5. The method of claim 4, wherein the encoding the first feature map of the input and calculating a position offset of the first feature map after the processing by the encoding module comprises:

and encoding the input first feature map through a global attention mechanism, and calculating the position offset generated after the first feature map is processed by the current encoding module.

6. The method of claim 4 or 5, wherein the calculating the position offset of the first feature map after processing by the current encoding module comprises:

and calculating the position offset corresponding to the first feature map through the full connection layer of each stage of the coding module.

7. An object detection apparatus comprising:

8. The apparatus of claim 7, wherein the acquisition module comprises:

an image acquisition unit configured to acquire the image to be detected;

the feature extraction unit is configured to input the image to be detected into a convolutional neural network of the target detection model, and the first feature map is obtained by feature extraction through the convolutional neural network.

9. The apparatus of claim 8, wherein the convolutional neural network performs feature extraction by a hole convolutional kernel or a deformable convolutional kernel to obtain the first feature map.

10. The apparatus of any of claims 7-9, wherein the encoding module comprises:

the feature coding unit is configured to code the input first feature map to obtain the second feature map;

a calculating unit configured to calculate a positional shift of the feature map generated after the encoding process of the encoding module at present;

and the adjusting unit is configured to adjust the first position vector according to the position offset to obtain the second position vector.

11. The apparatus according to claim 9, wherein the calculation unit performs an encoding process on the first feature map inputted through a global attention mechanism, and calculates the positional shift of the first feature map generated after the processing by the current encoding module.
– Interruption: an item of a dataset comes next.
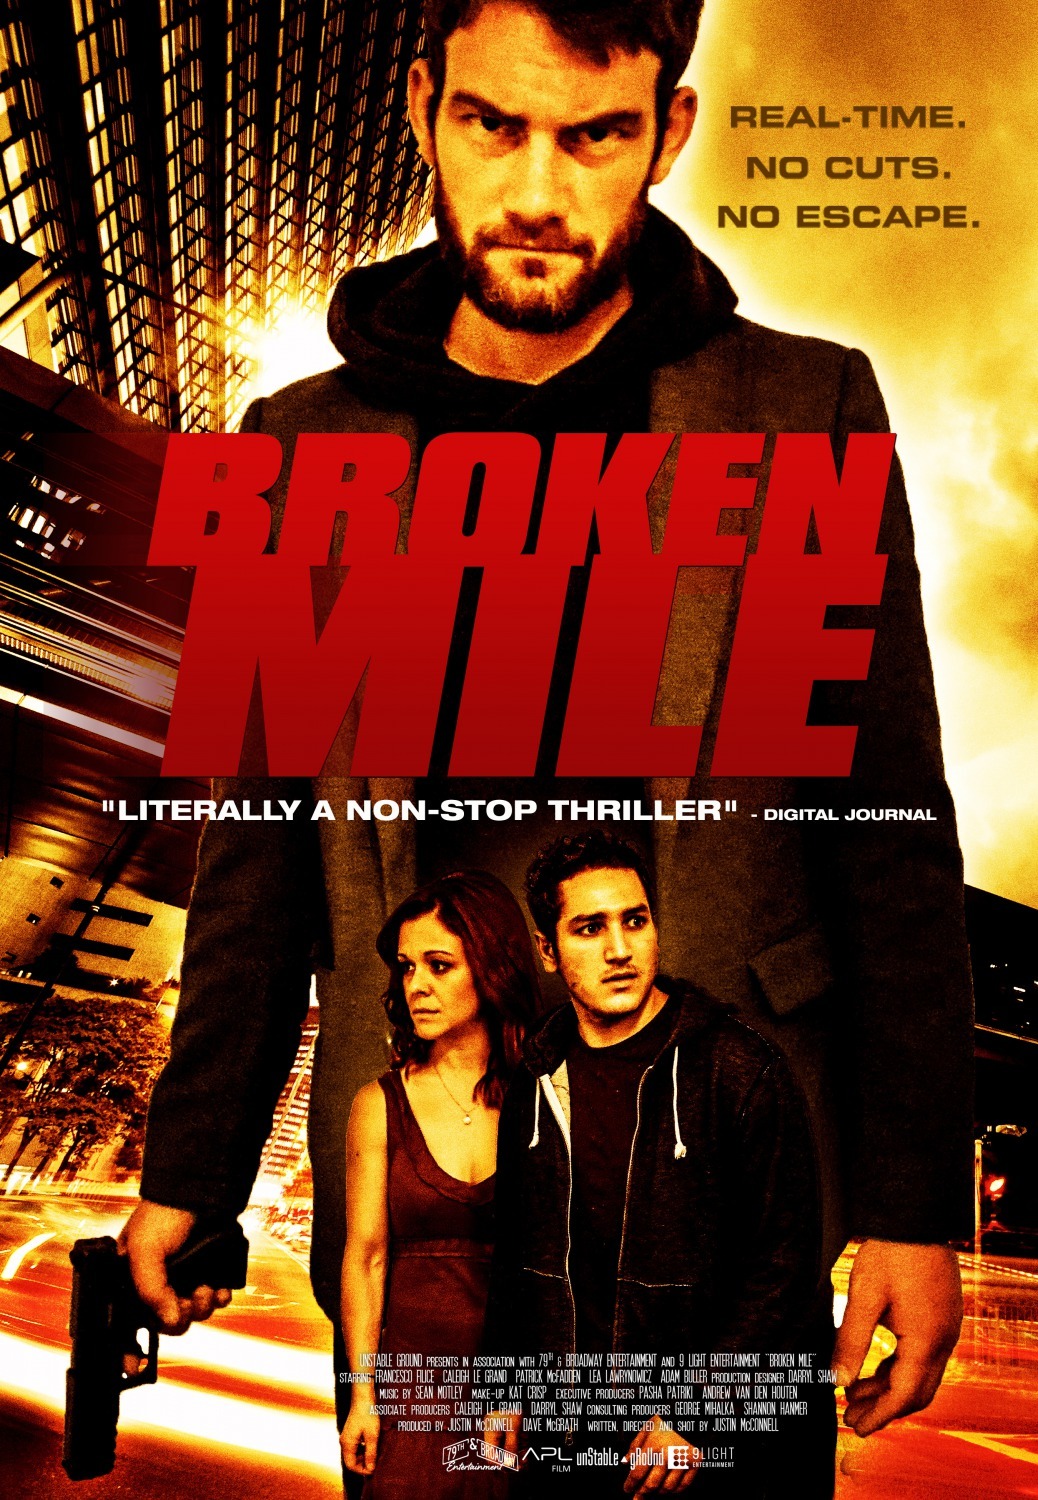 Nonton film Broken Mile layarkaca21 indoxx1 ganool online streaming terbaru

12. The apparatus according to claim 10 or 11, wherein each of the calculation units includes a fully connected layer for calculating the positional offset.

13. An electronic device, comprising:

at least one processor; and

the memory stores instructions executable by the at least one processor to enable the at least one processor to perform the method of any one of claims 1-6.

14. A non-transitory computer readable storage medium storing computer instructions for causing the computer to perform the method of any one of claims 1-6.

15. A computer program product comprising a computer program which, when executed by a processor, implements the method according to any of claims 1-6.